Although technically a rare disease, cystic fibrosis is ranked as one of the most widespread life-shortening genetic diseases. It is most common among nations in the Western world; one in twenty-two people of Mediterranean descent is a carrier of one gene for CF, making it the most common genetic disease in these populations. An exception is Finland, where only one in 80 people carry a CF mutation. [Hytonen M, et al., Acta Oto-laryngologica 2001 , 121 (8): 945-7] In the United States, 1 in 4,000 children are born with CF. In 1997, about 1 in 3,300 Caucasian children in the United States was born with cystic fibrosis. In contrast, only 1 in 15,000 African American children suffered from cystic fibrosis, and in Asian Americans the rate was even lower at 1 in 32,000.

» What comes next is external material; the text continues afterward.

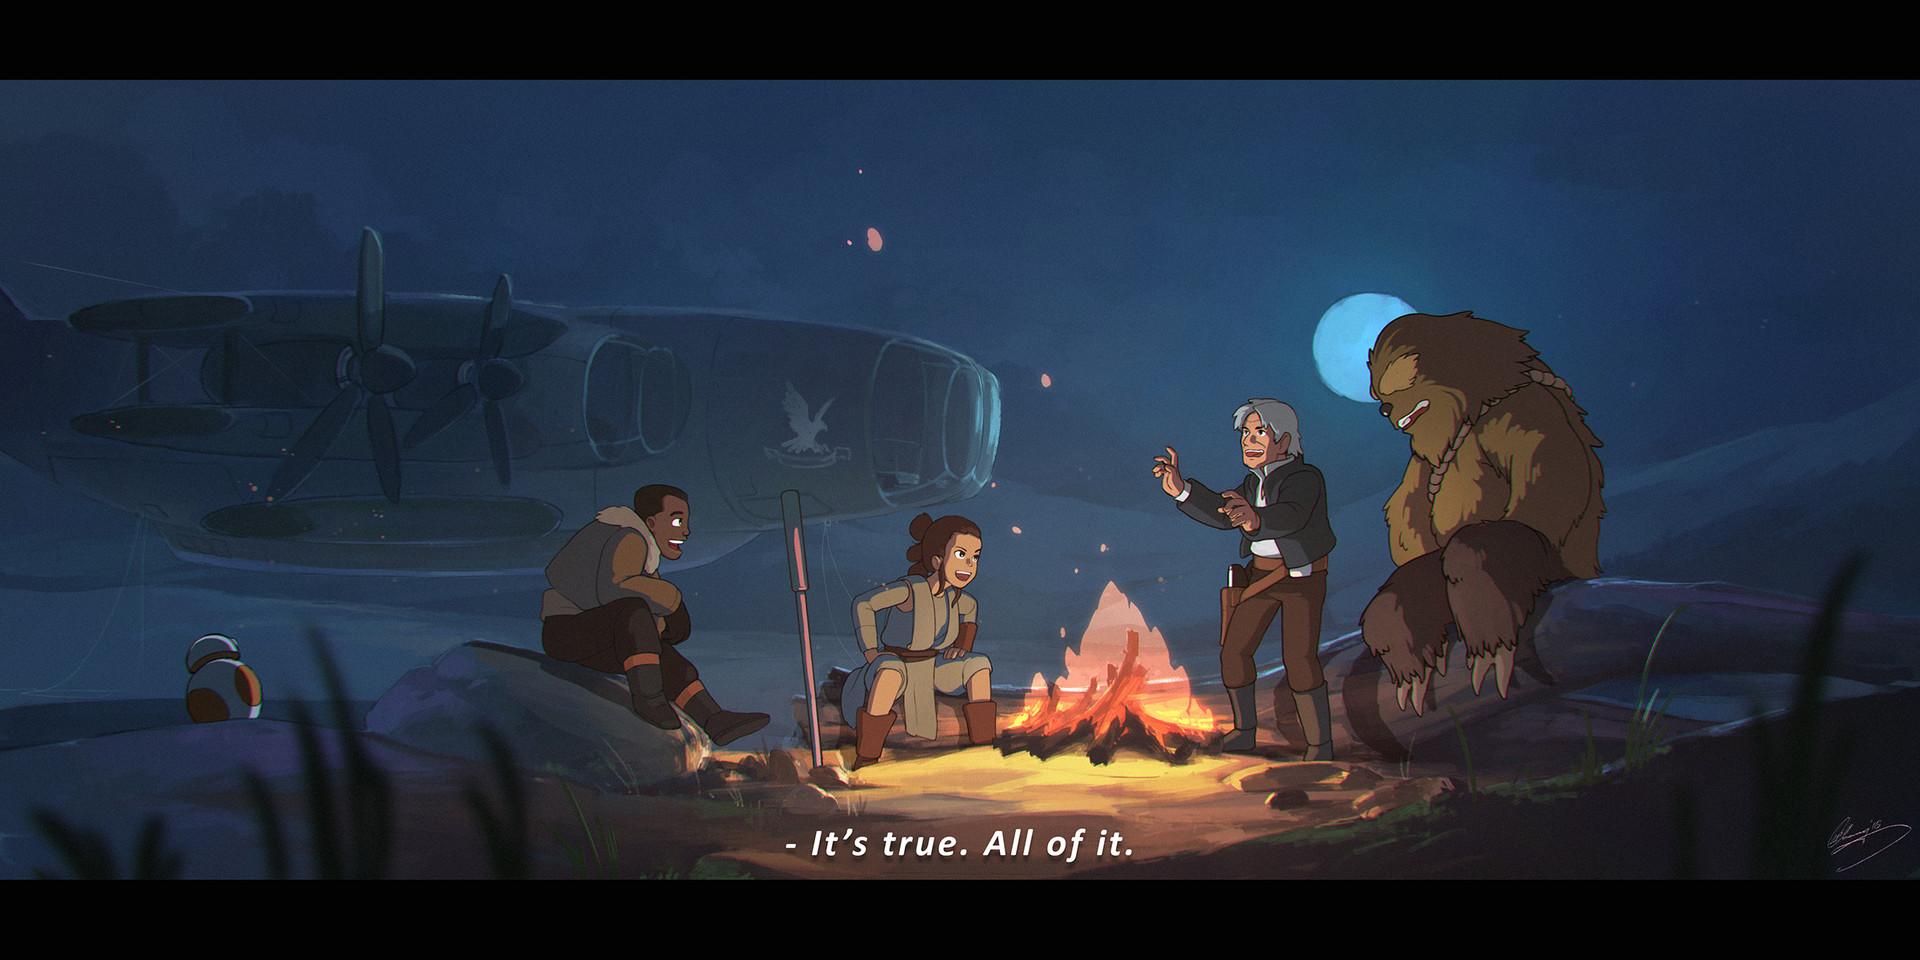 Star Wars vs. Studio Ghibli by Lap Pun Cheung

Cystic fibrosis occurs when there is a mutation in the CFTR gene. The protein created by this gene is anchored to the outer membrane of cells in the sweat glands, lungs, pancreas, and other affected organs. The protein spans this membrane and acts as a channel connecting the inner part of the cell (cytoplasm) to the surrounding fluid. This channel is primarily responsible for controlling the movement of chloride from inside to outside of the cell; however, in the sweat ducts it facilitates the movement of chloride from the sweat into the cytoplasm. When the CFTR protein does not work, chloride is trapped inside the cells in the airway and outside in the skin. Because chloride is negatively charged, positively charged ions cross into the cell because they are affected by the electrical attraction of the chloride ions. Sodium is the most common ion in the extracellular space and the combination of sodium and chloride creates the salt, which is lost in high amounts in the sweat of individuals with CF. This lost salt forms the basis for the sweat test.[Rowe SM et al., N Engl J Med. 2005; 352(19):1992-2001]

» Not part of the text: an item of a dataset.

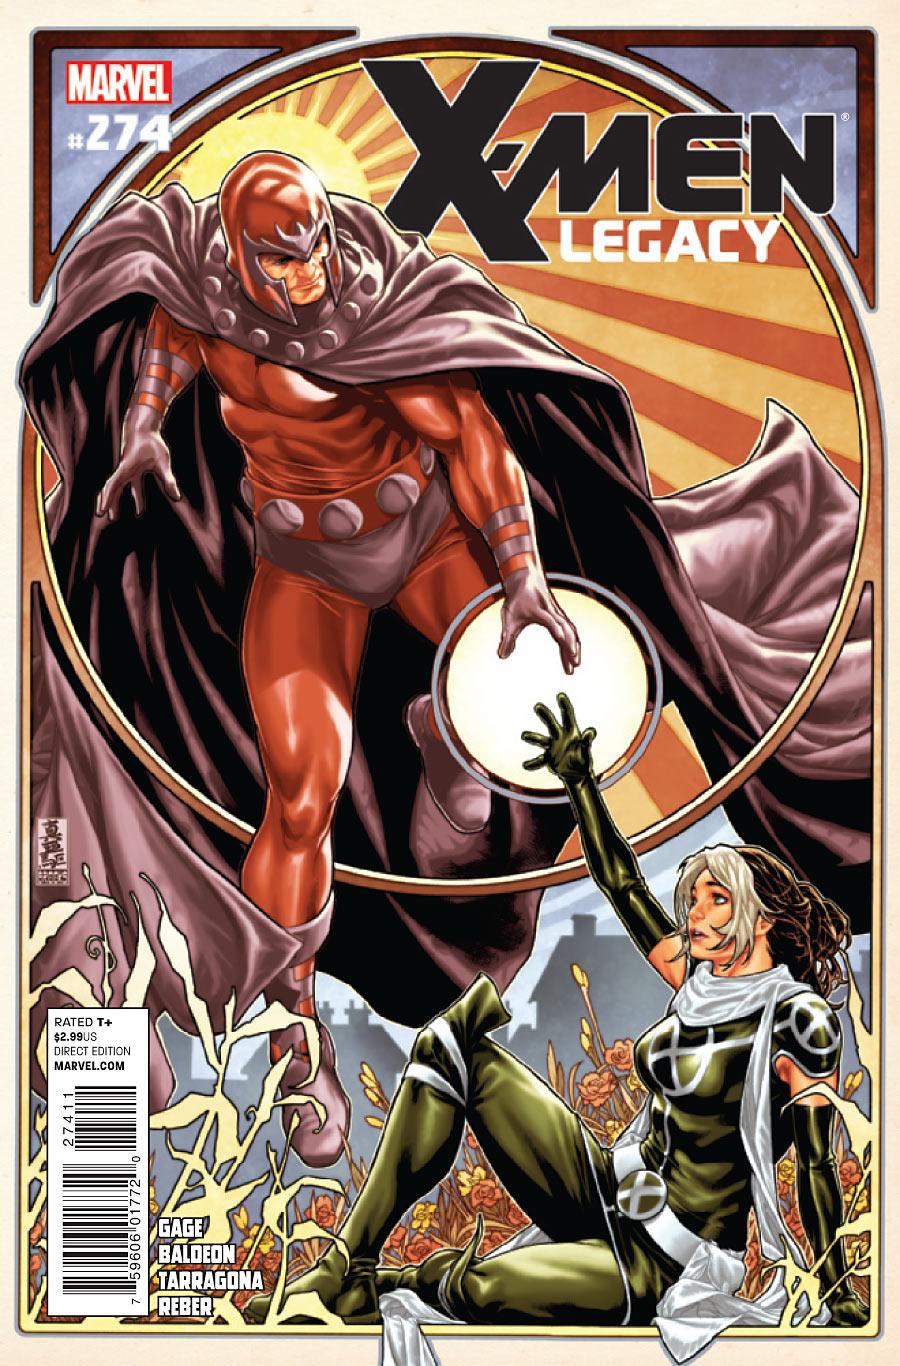 X-Men: Legacy Vol 1 274

How this malfunction of cells in cystic fibrosis causes the clinical manifestations of CF is not well understood. One theory suggests that the lack of chloride exodus through the CFTR protein leads to the accumulation of more viscous, nutrient-rich mucus in the lungs that allows bacteria to hide from the body's immune system. Another theory proposes that the CFTR protein failure leads to a paradoxical increase in sodium and chloride uptake, which, by leading to increased water reabsorption, creates dehydrated and thick mucus. Yet another theory focuses on abnormal chloride movement out of the cell, which also leads to dehydration of mucus, pancreatic secretions, biliary secretions, etc. These theories all support the observation that the majority of the damage in CF is due to blockage of the narrow passages of affected organs with thickened secretions. These blockages lead to remodeling and infection in the lung, damage by accumulated digestive enzymes in the pancreas, blockage of the intestines by thick faeces, etc.[Rowe SM et al., N Engl J Med. 2005; 352(19): 1992-2001]

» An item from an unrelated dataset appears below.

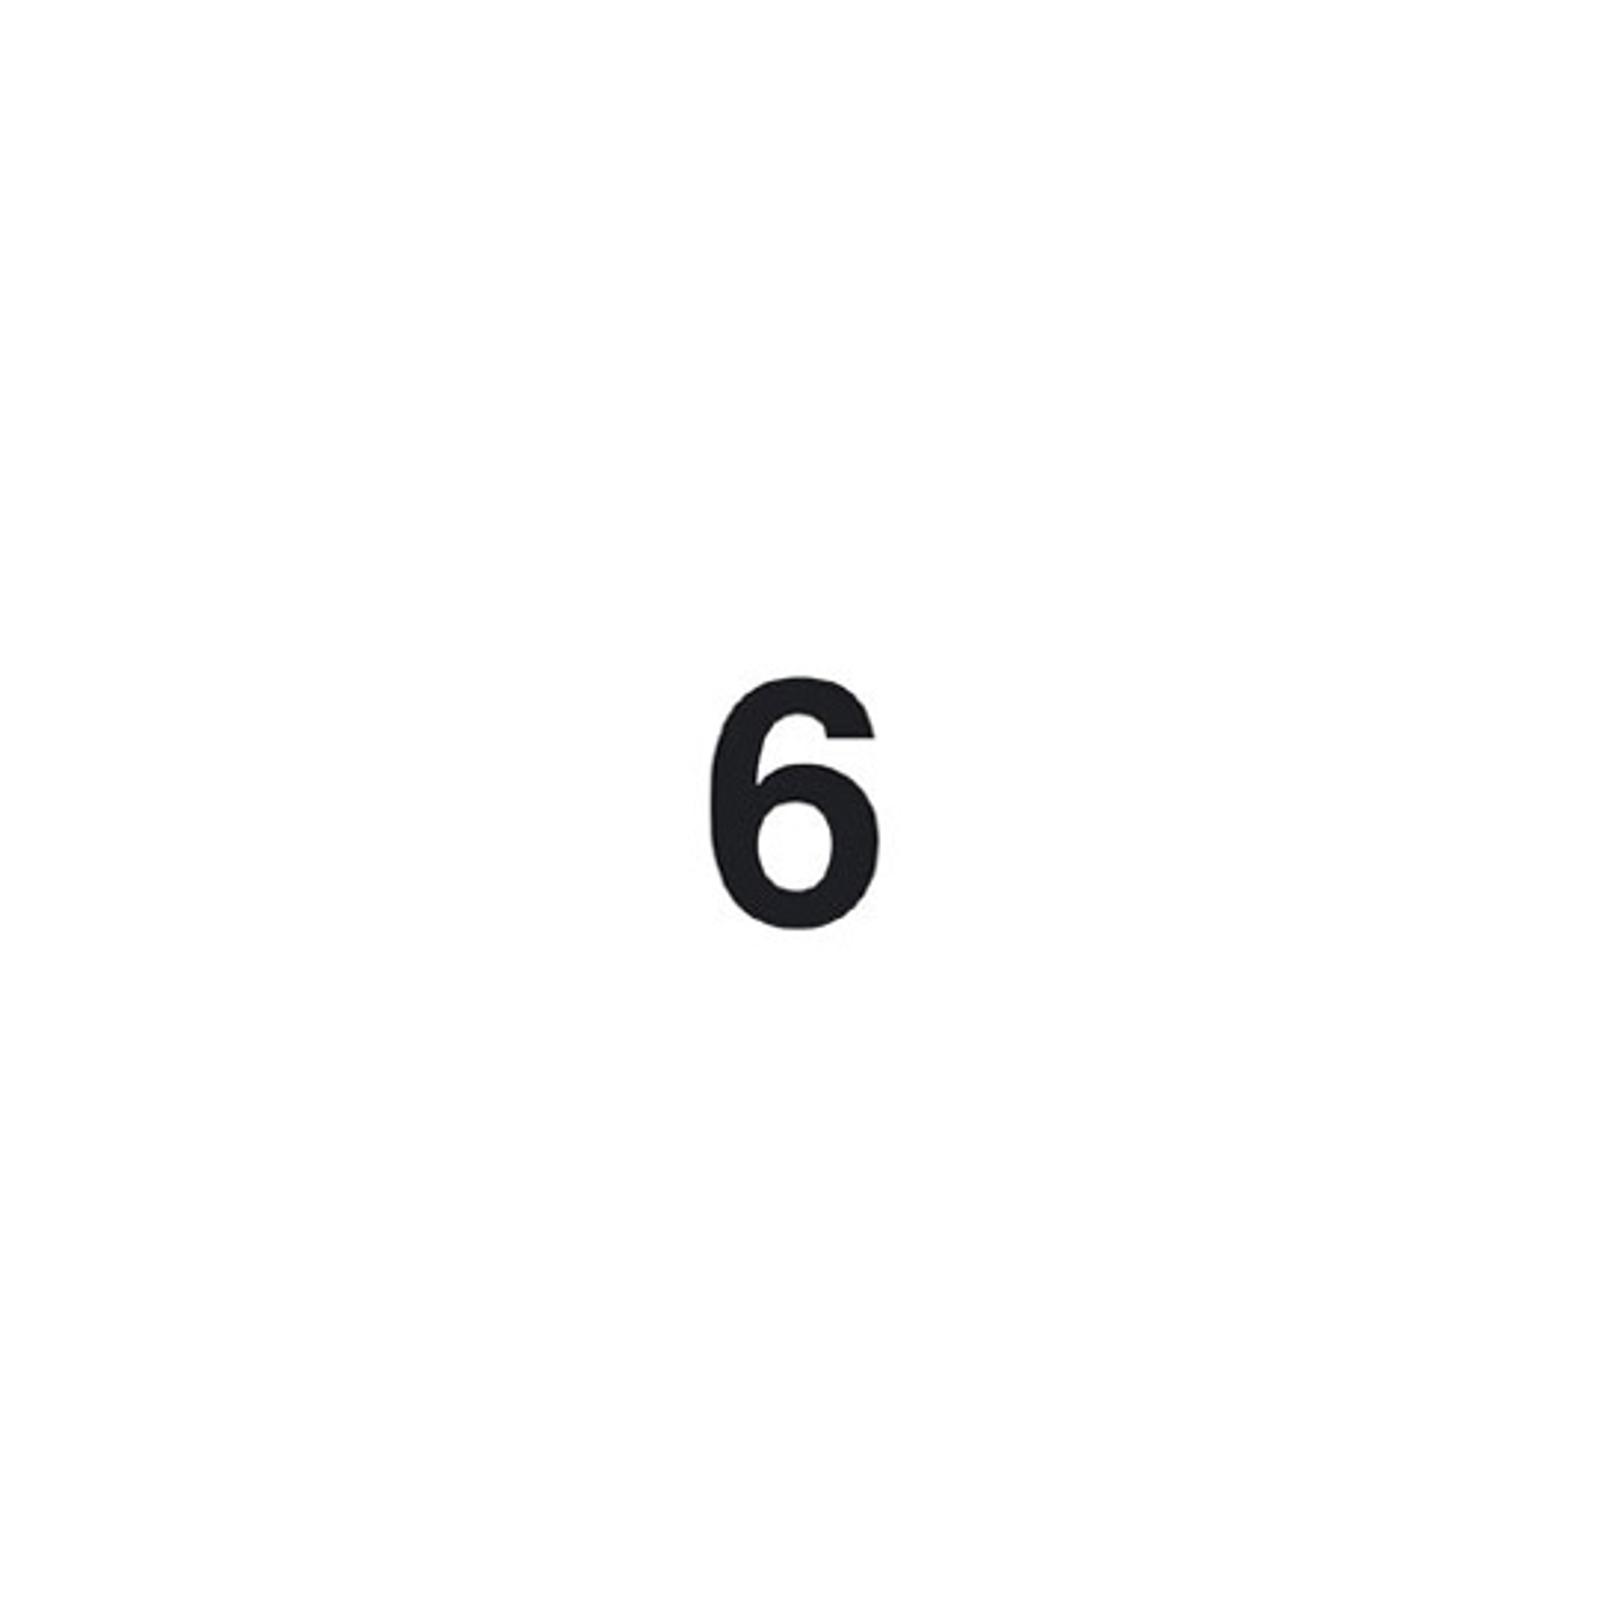 Selbstklebende Ziffer 6

Cystic fibrosis may be diagnosed by many different categories of testing including those such as, newborn screening, sweat testing, or genetic testing. As of 2006 in the United States, 10 percent of cases are diagnosed shortly after birth as part of newborn screening programs. The newborn screen initially measures for raised blood concentration of immunoreactive trypsinogen.[Davies J et al. BMJ. 2007 335(7632):1255- 59] Infants with an abnormal newborn screen need a sweat test in order to confirm the CF diagnosis. Trypsinogen levels can be increased in individuals who have a single mutated copy of the CFTR gene (carriers) or, in rare instances, even in individuals with two normal copies of the CFTR gene. Due to these false positives, CF screening in newborns is somewhat controversial.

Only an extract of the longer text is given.